- Purpose: measure changes in optical properties of active areas of cerebral cortex

= Event-related optical signal =

Brain-scanning signal

Event-related optical signal (EROS) is a neuroimaging technique that uses infrared light through optical fibers to measure changes in optical properties of active areas of the cerebral cortex. The fast optical signal (EROS) measures changes in infrared light scattering that occur with neural activity. Whereas techniques such as diffuse optical imaging (DOI) and near-infrared spectroscopy (NIRS) measure optical absorption of hemoglobin, and thus are based on cerebral blood flow, EROS takes advantage of the scattering properties of the neurons themselves, and thus provide a much more direct measure of cellular activity.

==Characteristics==
EROS can pinpoint activity in the brain within millimeters and milliseconds, providing good spatial and temporal resolution at the same time. Currently, its biggest limitation is the inability to detect activity more than a few centimeters deep, which thus limits this fast optical imaging to the cerebral cortex.

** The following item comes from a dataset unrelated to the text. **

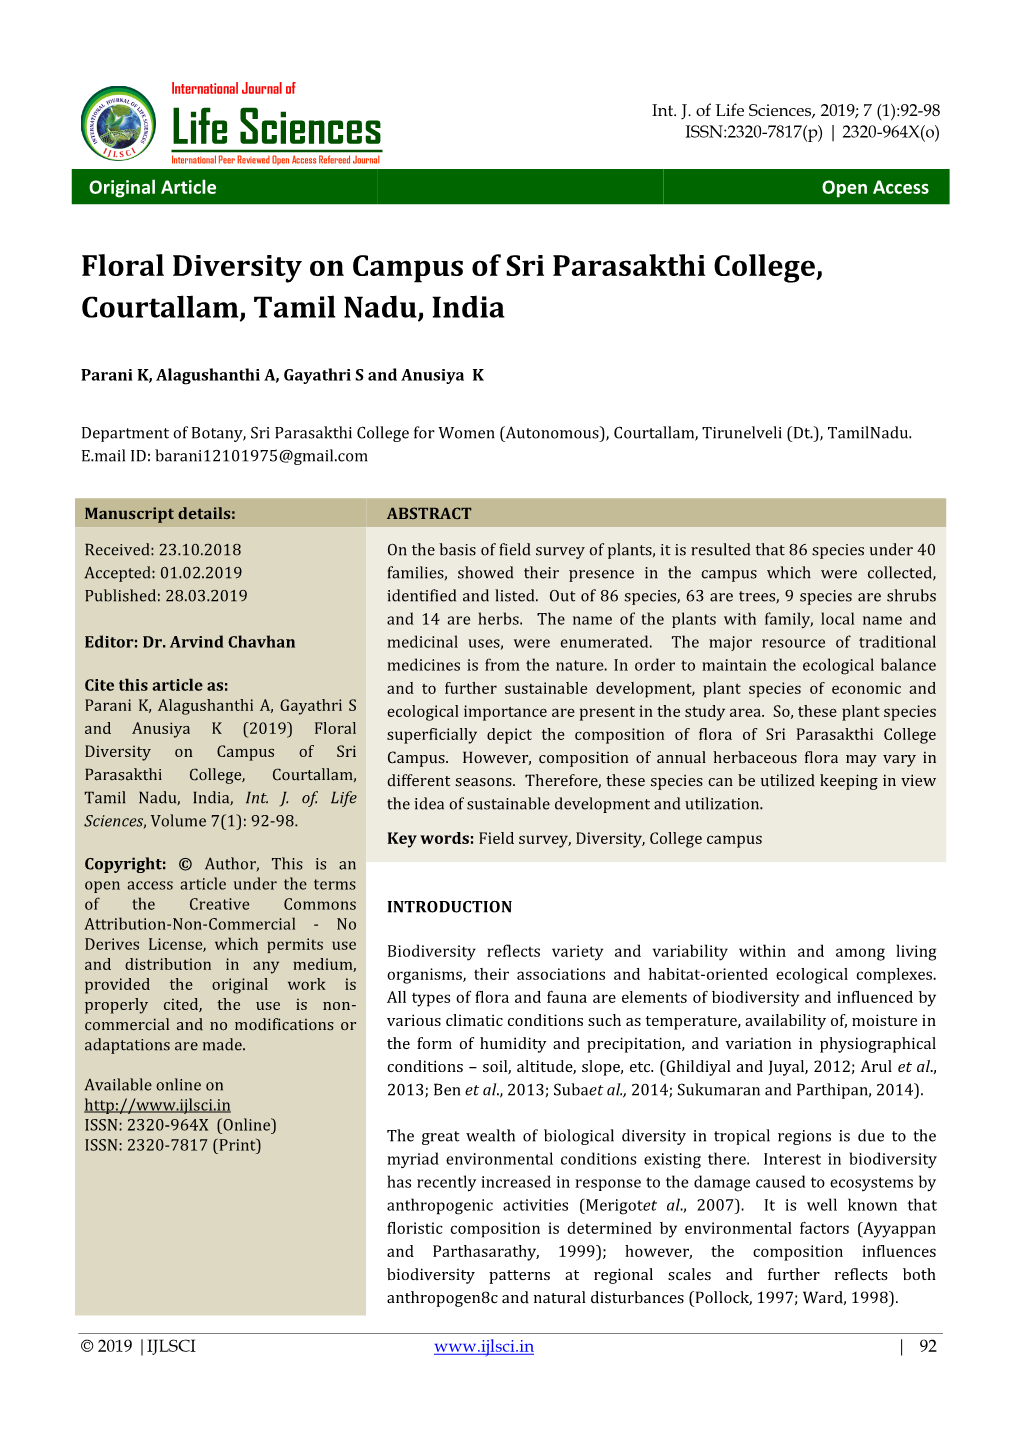 Floral Diversity on Campus of Sri Parasakthi College, Courtallam, Tamil Nadu, India

EROS can be measured using photon delay or as an intensity signal. EROS can also be measured concurrently with other neuroimaging techniques, such as fMRI, fNIRS, or EEG.

==History==
EROS is a relatively new and inexpensive technique that is non-invasive to the test subject. It was developed at the University of Illinois at Urbana–Champaign in the Cognitive Neuroimaging Laboratory of Drs. Gabriele Gratton and Monica Fabiani. EROS was first demonstrated in the visual cortex in 1995, and later in the motor cortex that same year.